The Chair of the College of Paramedics has said the idea of delaying ambulances and increasing patient wait times by a few minutes has "some merit" if it means patients get better treatment overall.

Andrew Newton told ITV News that the proposals that were leaked today could be beneficial "if it means that the triage process can actually find out what is wrong with the patient."

ITV News Reporter Lewis Vaughan Jones reports on the leaked proposals to lengthen ambulance waiting times:

Ambulance service say lengthening wait times idea 'safe'

The Association of Ambulance Chief Executives (Aace) has said proposals to raise ambulance waiting times by as much as 11 minutes for non-critical patients would still ensure the safety of patients.

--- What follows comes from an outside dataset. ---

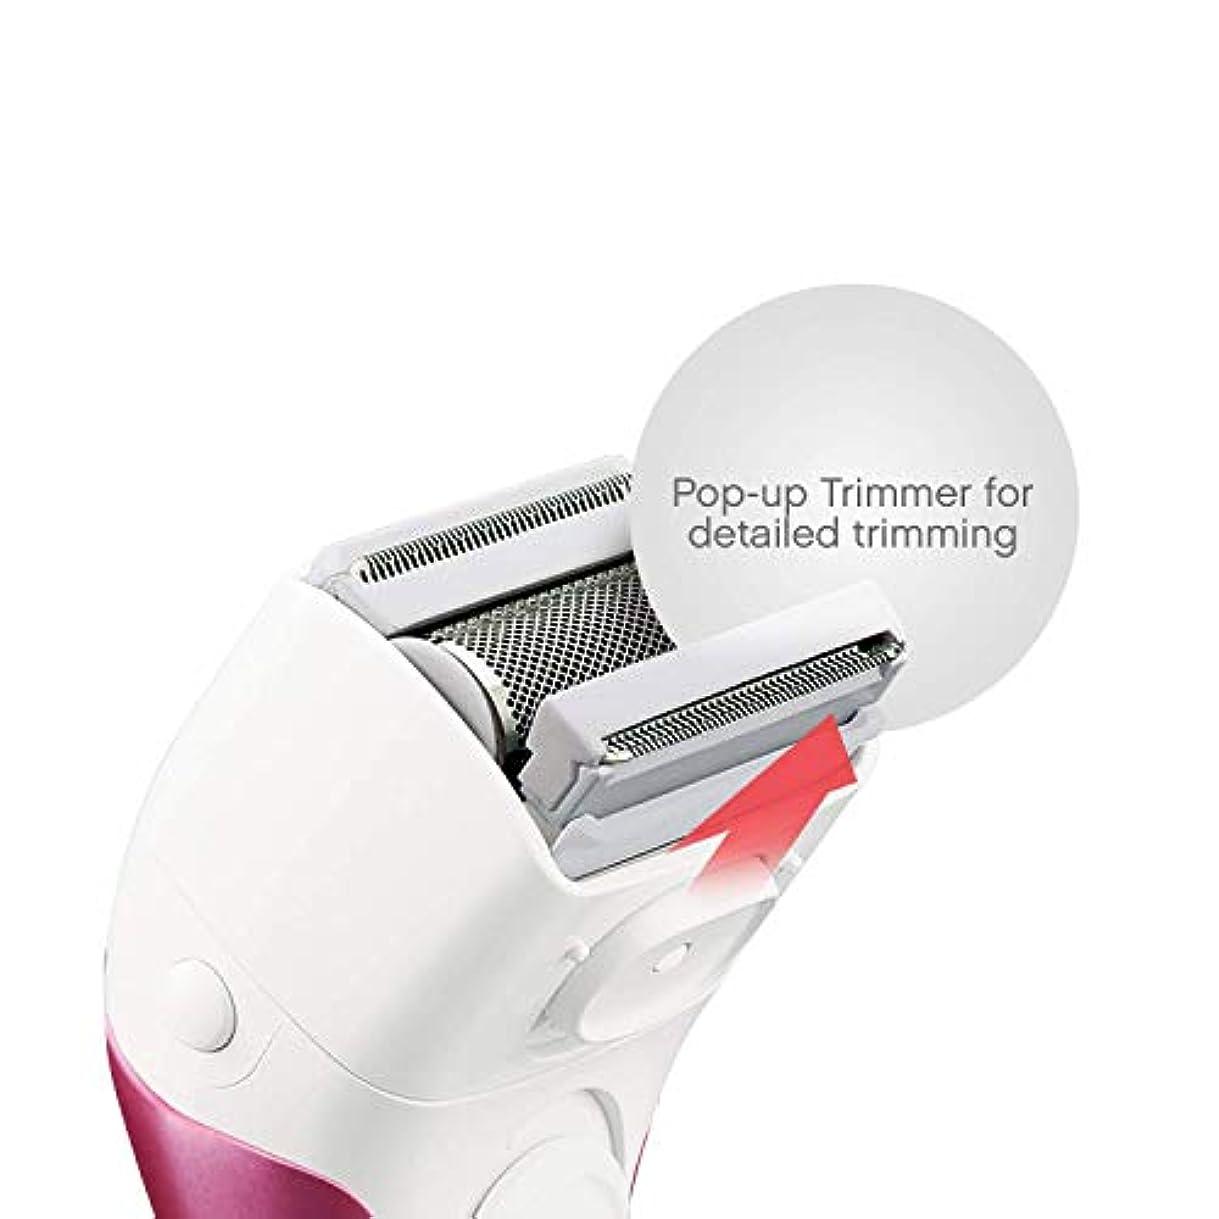 学期発症批判TZY 女性の家庭用電気シェーバー3ブレードワイヤレスレイザーポップアップトリマー独立浮上ヘッドウェットとドライ防水脱毛機器

A statement released by the Aace said: "We firmly believe that our proposals are safe and deliver benefits both for patients and for staff who have been concerned for some time that we continue to try and reach many patients in eight minutes when it is not clinically required."

Ambulances waiting to be called out to treat patients Credit: Peter Byrne/PA Wire

A leaked NHS document revealed today that target times for ambulances to reach patients who were "serious but not the most life-threatening" could double from eight to 19 minutes after May's general election but the Aace stated tonight that there were "only proposals".

Explaining that more cases would be bumped up to the "most serious category" if proposals for lengthening wait times for the "serious but not the most life-threatening" category went through, the Aacce added: "They will not be formally approved until NHS England and the Secretary of State are convinced, as we are, that they are clinically safe and that they offer better care for our patients."

Union slams 'ridiculous' ambulance proposals

The trade union that represents ambulance staff has dismissed proposals to increase target times for ambulance.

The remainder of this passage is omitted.